Мы нашли относительно безопасное место и расположились там, почти ни на что не надеясь. Силы были на исходе. Не прошло, как нам показалось, и мгновения, а от дворца князя Голицына оставались уже лишь дымящиеся стены, а от нашей чудесной оранжереи – груда развалин. Все было кончено. Мы лишились– всего, если не считать подушки, унесенной Тимошей, и старого жилета господина Мендера, который я с отчаянием продолжала прижимать к груди.
Так в полном оцепенении просидели мы до рассвета. Внезапно пошел дождь. Первый дождь за время московских ужасов. Он становился все сильнее и сильнее. Он один был способен бороться с огнем, но его появление оказалось слишком поздним – уже нечего стало спасать, Москвы не было. Мы сидели на случайных холодных досках, и Тимоша, обняв меня за плечи, нашептывал мне афоризмы каких-то благополучных счастливчиков из иного мира.
Наконец явился господин Вурс, один. Лицо его казалось зеленым. Происшедшее с нами его совершенно не удивило. Трясущимися руками он расстегивал пуговицы на своем жилете, затем аккуратно, одну за другой застегивал их, и так без конца. Госпожа Вурс с рыданиями припала к нему. Я оглядывалась в надежде увидеть отставшего господина Мендера, но его все не было. Прошло много времени, прежде чем господин Вурс смог немного успокоиться и начать говорить. Вот что он рассказал.

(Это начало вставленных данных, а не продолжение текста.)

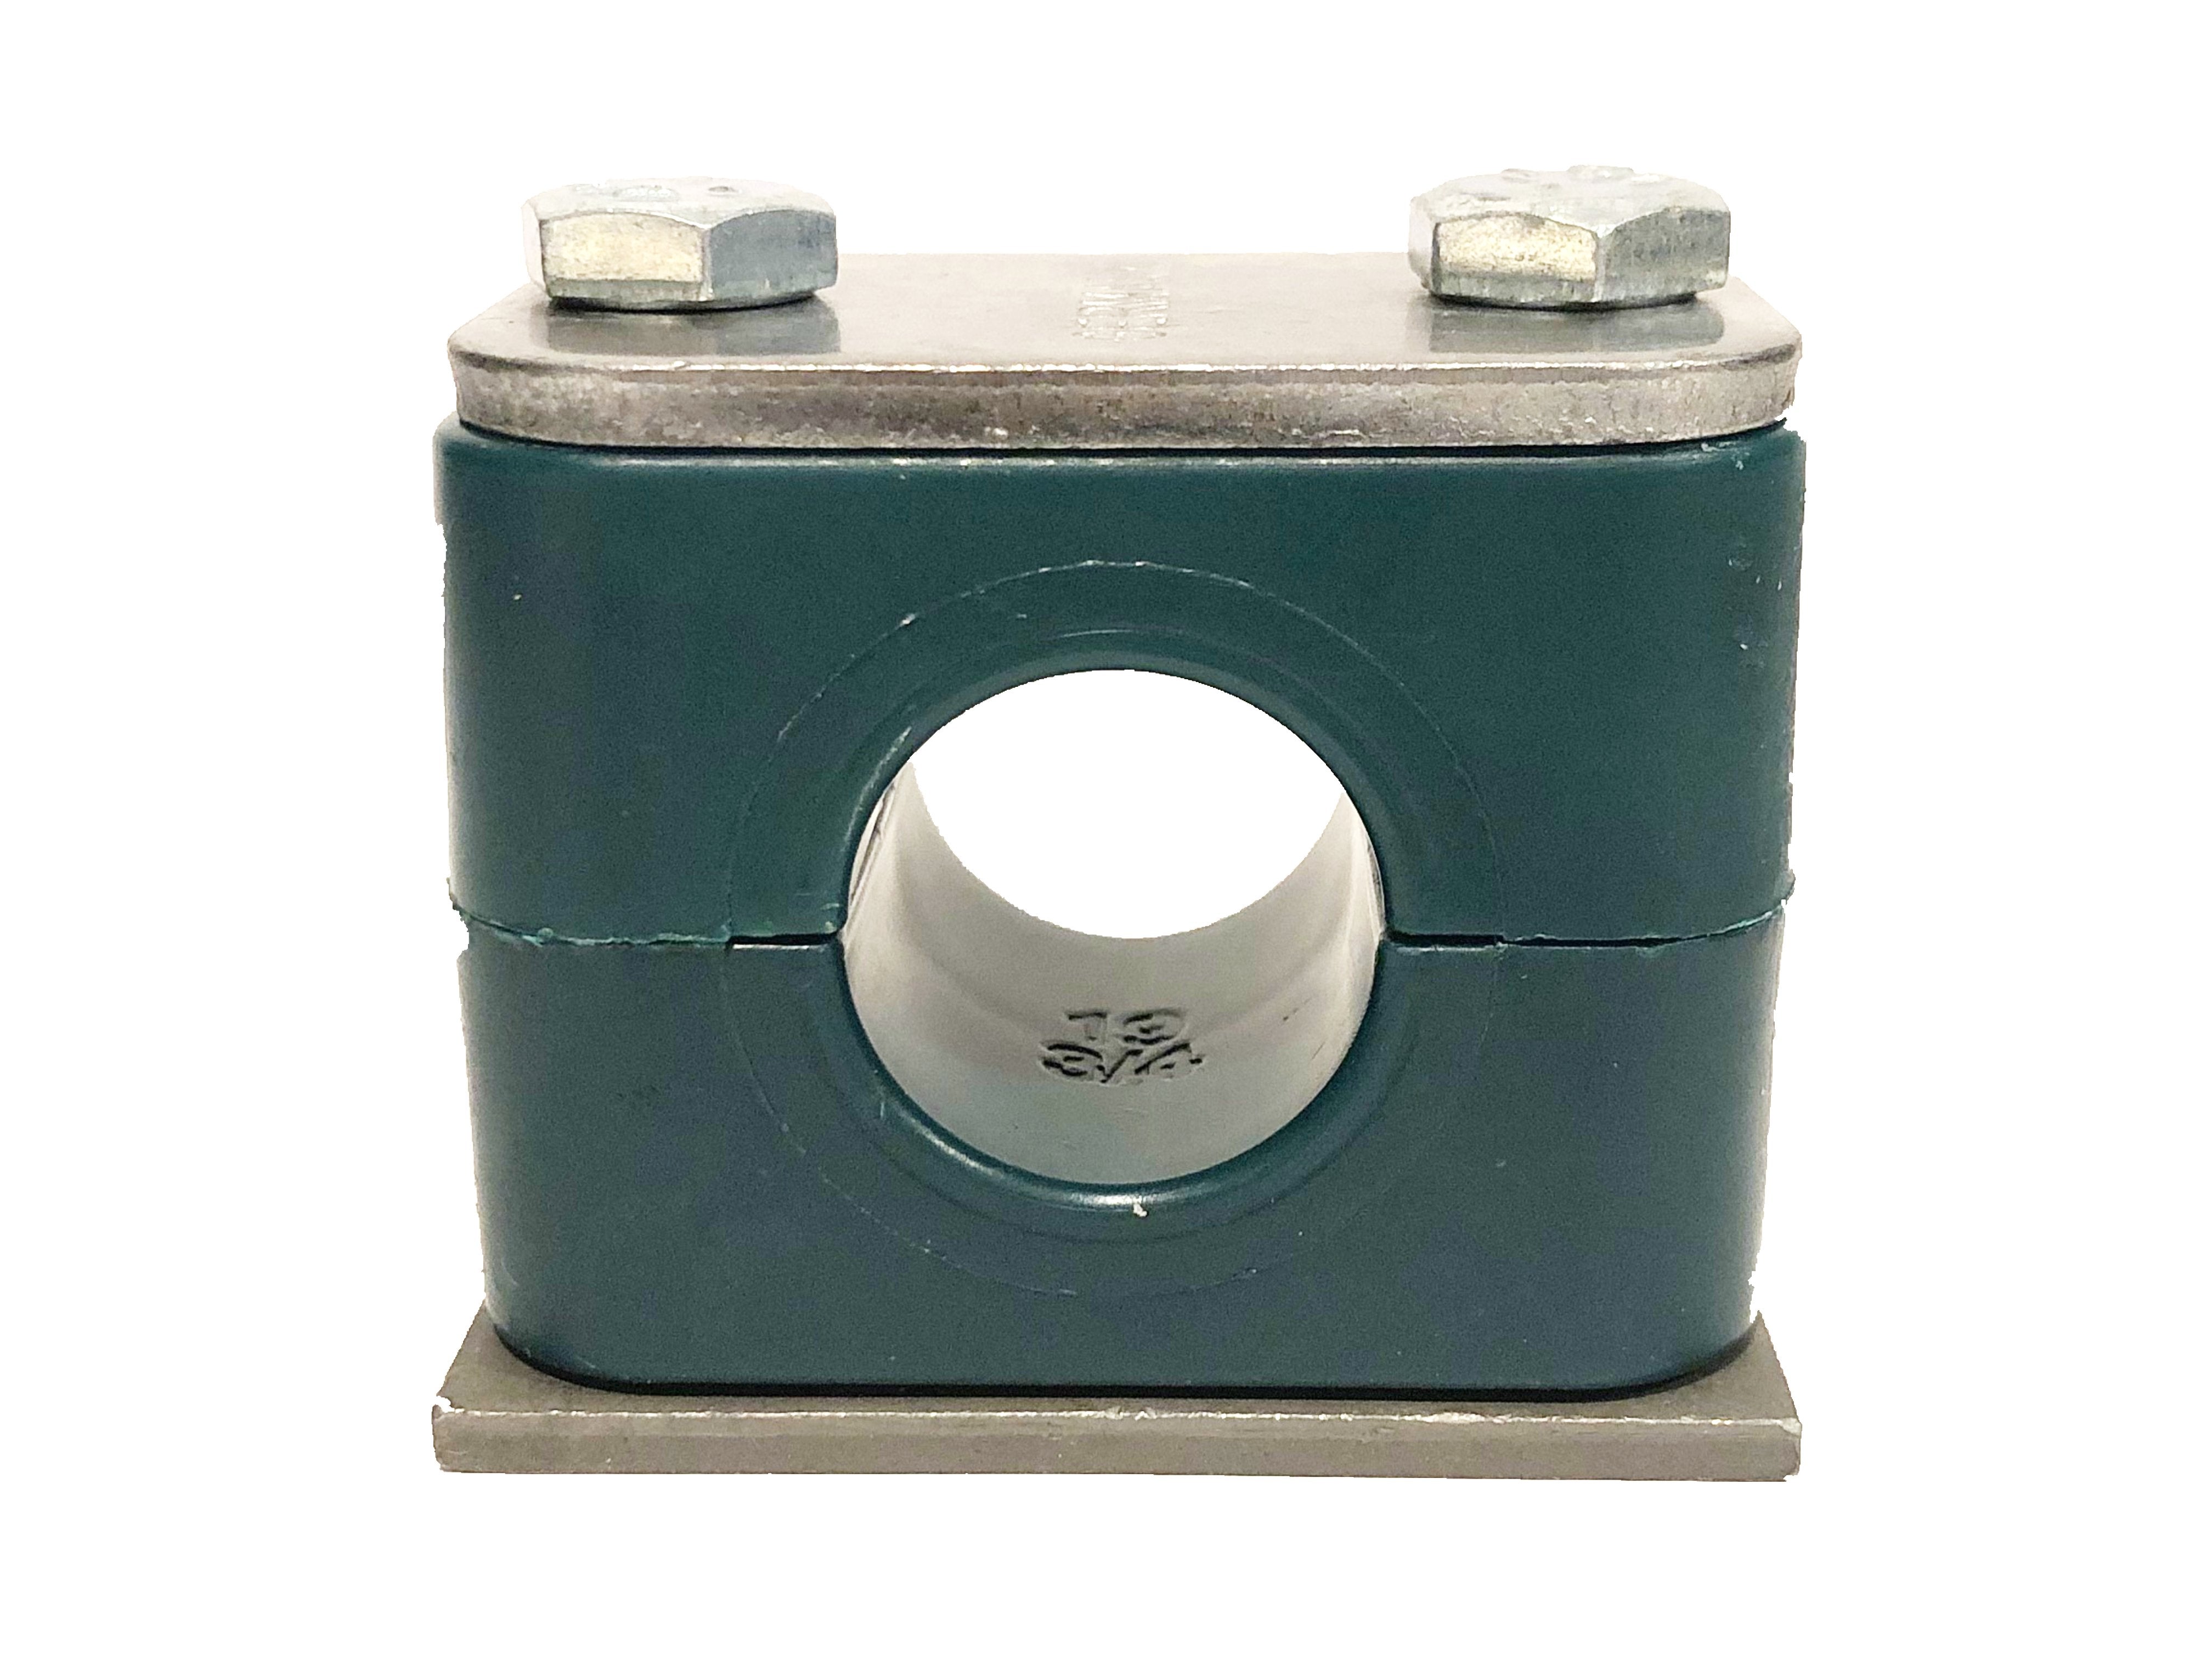 SP-426.9-PP-H-DP-AS-U-W5 : Stauff Clamp, Single Weld Plate, 1.06" (26.9mm) OD, for 3/4" Pipe, Green PP Insert, Smooth Interior, 316SS

– …Я предупреждал господина Мендера, дамы и господа, я предупреждал, что мы должны быть осторожны… Разве нынешняя Москва – место для бездумных прогулок? Но он со своим дурацким фатализмом улыбался, как дитя, и не внимал мне, и не пытался идти в обход, как я ему советовал, а торопился, торопился скорее добраться до Тверской, безумец в сером фраке, вместо того, чтобы отсиживаться среди развалин, покуда там шныряют всяческие разбойничьи шайки и французские патрули, все, вероятно, пьяные и задыхающиеся от ненависти друг к другу. Бедный господин Мендер, я предупреждал его, умолял, что только я не делал, дамы и господа, я просил его не торопиться, потому что мое сердце не выдерживало, он утешал меня с австрийским легкомыслием, хотя теперь я понимаю, что это было безумие, он держал меня за руку очень крепко, и мы, словно беззаботные дети, парой летели по кирпичам, бревнам, золе, спотыкаясь и хрипя, и нас никто не трогал, и я даже подумал, что он, быть может, прав, не желая таиться, потому что мы были не похожи на всех остальных, встречавшихся нам: для грабителей мы выглядели слишком беспечными, а для мирных жителей слишком стремительными… Может быть, он был прав, дамы и господа, и нам следовало продолжать наш полет, но сердце мое не выдержало, и мы забежали в какой-то полусгоревший двор, и я присел на какое-то сырое бревно… Но господин Мендер не мог успокоиться, он оставил меня, а сам побежал за ворота, чтобы оглядеться, как он сам сказал, и тут произошло следующее. Я услыхал сначала окрик, затем разговор на французском, я сполз со своего бревна в грязь и пепел и вот что услышал.
– Ты-то нам и нужен, – сказал кто-то.
– Вероятно, – сказал Мендер очень спокойно.
– Ты русский?
– Да, я русский, – ответил господин Мендер.
– По всему видно, что поджигатель, – сказал один из французов.
– На нем фрак, – сказал другой. – Русский барин это новость… Разве дворяне занимаются поджогами?
– Зачем мужику поджигать? – возразил первый. – Из уцелевшего дома можно больше унести, зачем ему поджигать? Это вот такие господа, канальи, жгут город! Ты поджигатель?
– В философском смысле да, – засмеялся господин Мендер. – Я знал, что мы встретимся.
– Он псих, – сказал француз.
– Что случилось? – спросил кто-то, вновь подошедший.
– Вот поджигатель, господин капитан, он сам признался.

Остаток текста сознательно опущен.